What we found was that the circles drawn by critics around these texts – circles here bounding different genres – could be reproduced by multiple means. Docuscope’s hand-curated tagging scheme did a fairly good job of reproducing the genre groupings via an unsupervised clustering algorithm, but so did the MFWs. We were excited by these results, but also cautious. Perhaps the words counted by Docuscope might include the very MFWs that were producing such good results in the parallel trial, which would mean we were working with one tokenization scheme rather than two. Subsequent experiments on Victorian novels curated by the Stanford team – for example, a comparison of the Gothic Novel versus Jacobin (see pp. 20-23) – showed that Docuscope was adding something over and above what was offered by counting MFWs. MFWs such as “was,” “had,” “who,” and “she,” for example were quite good at pulling these two groups apart when used as variables in an unsupervised analysis. But these high frequency words, even when they composed some of the Docuscope types that were helpful in sorting the genres, were correlated with other text strings that were more narrative in character, phrases such as “heard the,” “reached the,” and “commanded the.” So while we had some overlap in the two tagging schemes, what they shared did not explain the complementary sorting power each seemed to bring to the analysis. The rhetorical and semantic layers picked out in Docuscope were, so to speak, doing something alongside the more syntactically important function words that occur in texts with such high frequency.

The nature of that parallelism or convergence continues to be an interesting subject for thought as we discover more tagging schemes and contemplate making our own. Discussions in the NEH sponsored Early Modern Digital Agendas workshop at the Folger, some of which I have been lucky enough to attend, have pushed Hope and me to return to the issue of convergence and think about it again, especially as we think about how our research project, Visualizing English Print, 1470-1800, might implement new tagging schemes. If MFWs produce viable syntactical criteria for sorting texts, why would this “layer” of syntax be reliably coordinated with another, Docuscope-visible layer that is more obviously semantic or rhetorical? If different tagging schemes can produce convergent results, is it because they are invoking two perspectives on a single entity?
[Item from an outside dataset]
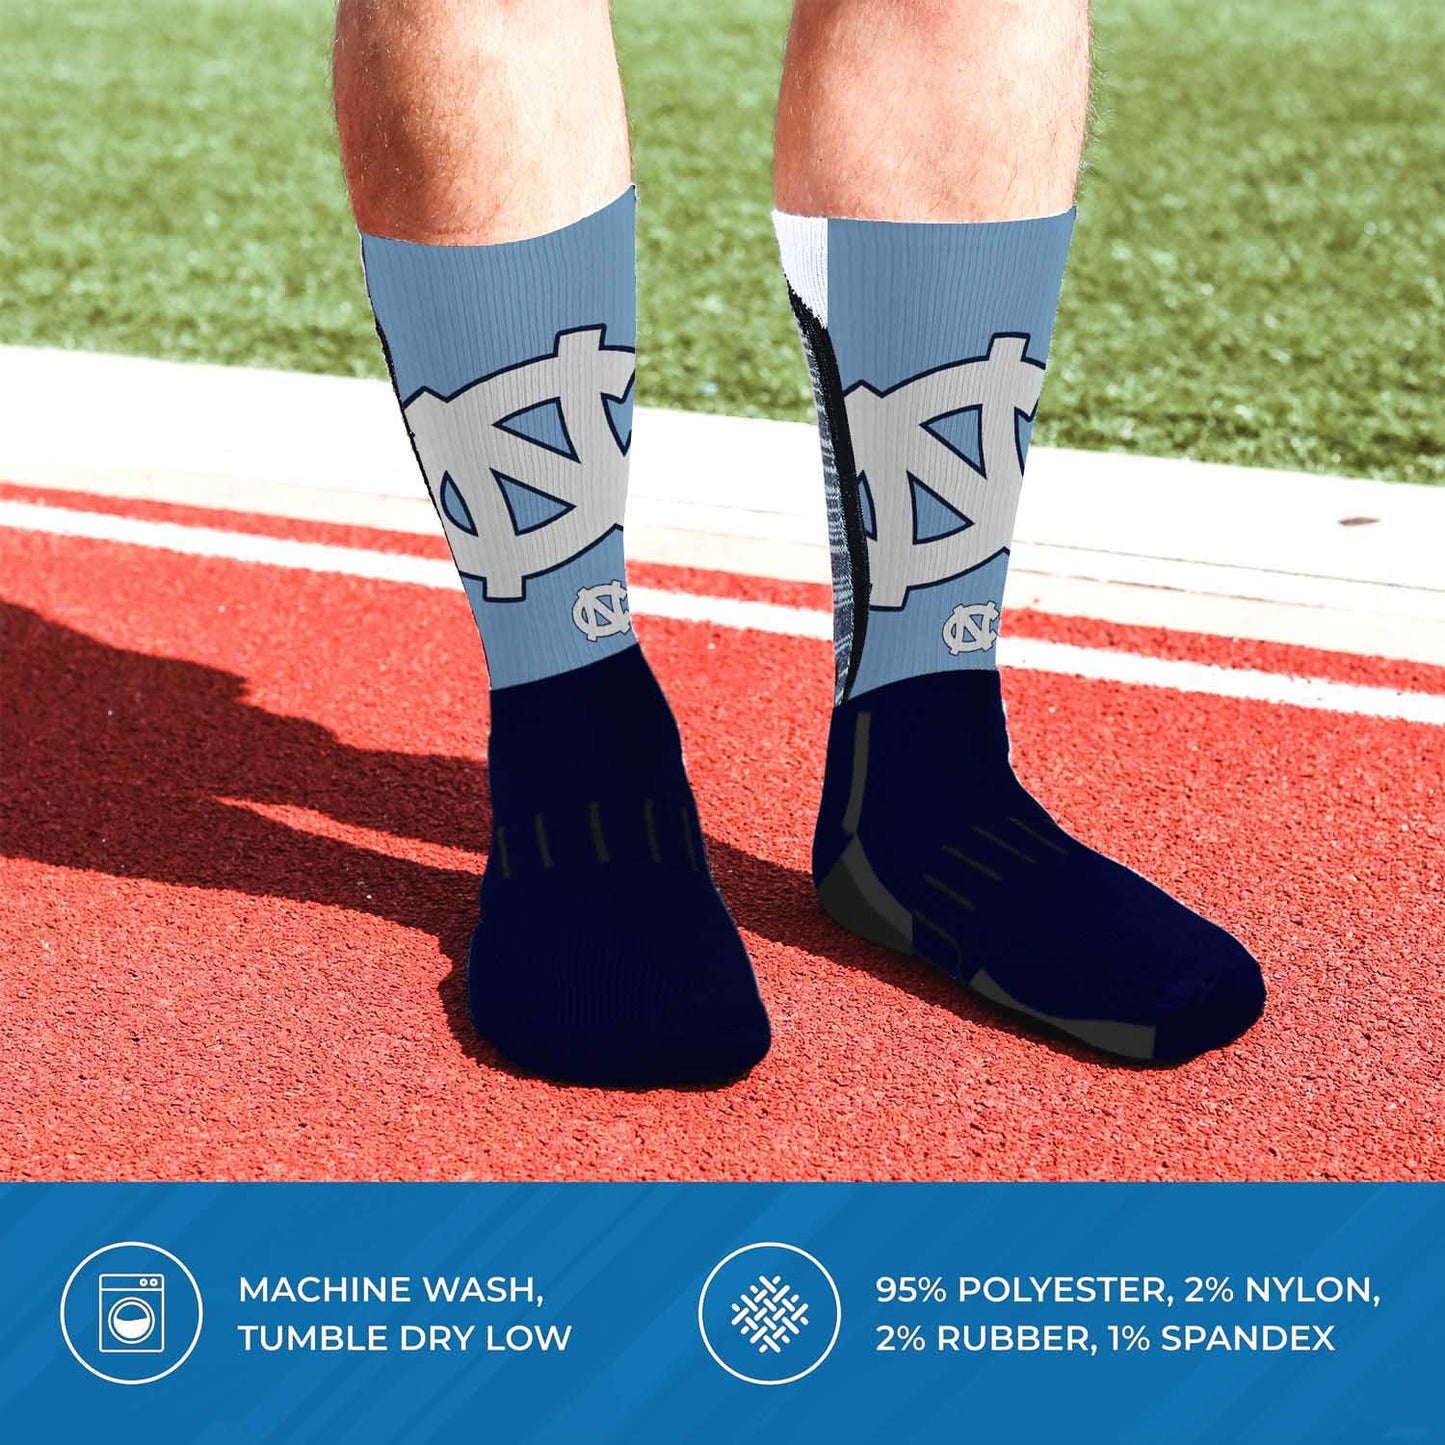 North Carolina Tar Heels NCAA Youth University Socks - Navy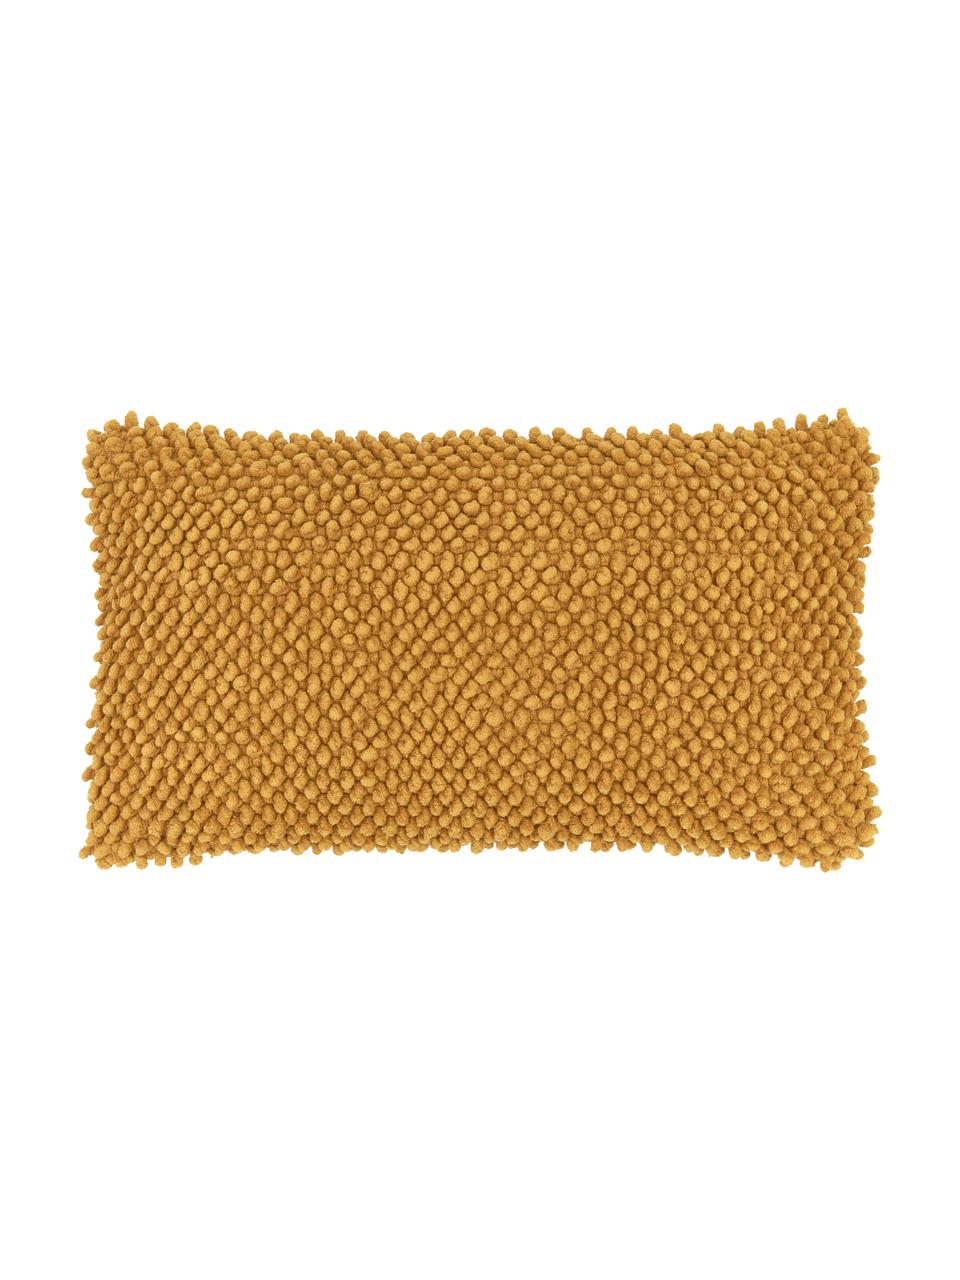 Kussenhoes Indi met gestructureerde oppervlak in mosterdgeel, 100% katoen, Mosterdgeel, 30 x 50 cm

Because one doesn’t get completely different groupings of texts each time one counts new things, we must posit the existence of something underneath all the variation, something that can be differently “sounded” by counting different things. The main attribute of this entity is its capacity to encourage or limit certain sorts of linguistic entailments. As I think back on how the argument developed in the Stanford paper with Moretti et al., the crucial moment came when we found that we could describe the Gothic novel as having both more spatial prepositions (“from,” “on,” “in,” “to”) and more narrative verb phrases (“heard the,” “reached the”) than the Jacobin novel. Our next move was to begin asking whether either of the tagging schemes was picking out a more foundational or structural layer of the text – whether, for example, the decision to use a certain type of narrative convention and, so, narrative phrase, entailed the use of corresponding spatial prepositions. As soon as the word “structural” appeared, I think everyone’s heart began to beat a little faster. But why? What is so special about the word “structural,” and what does it mean?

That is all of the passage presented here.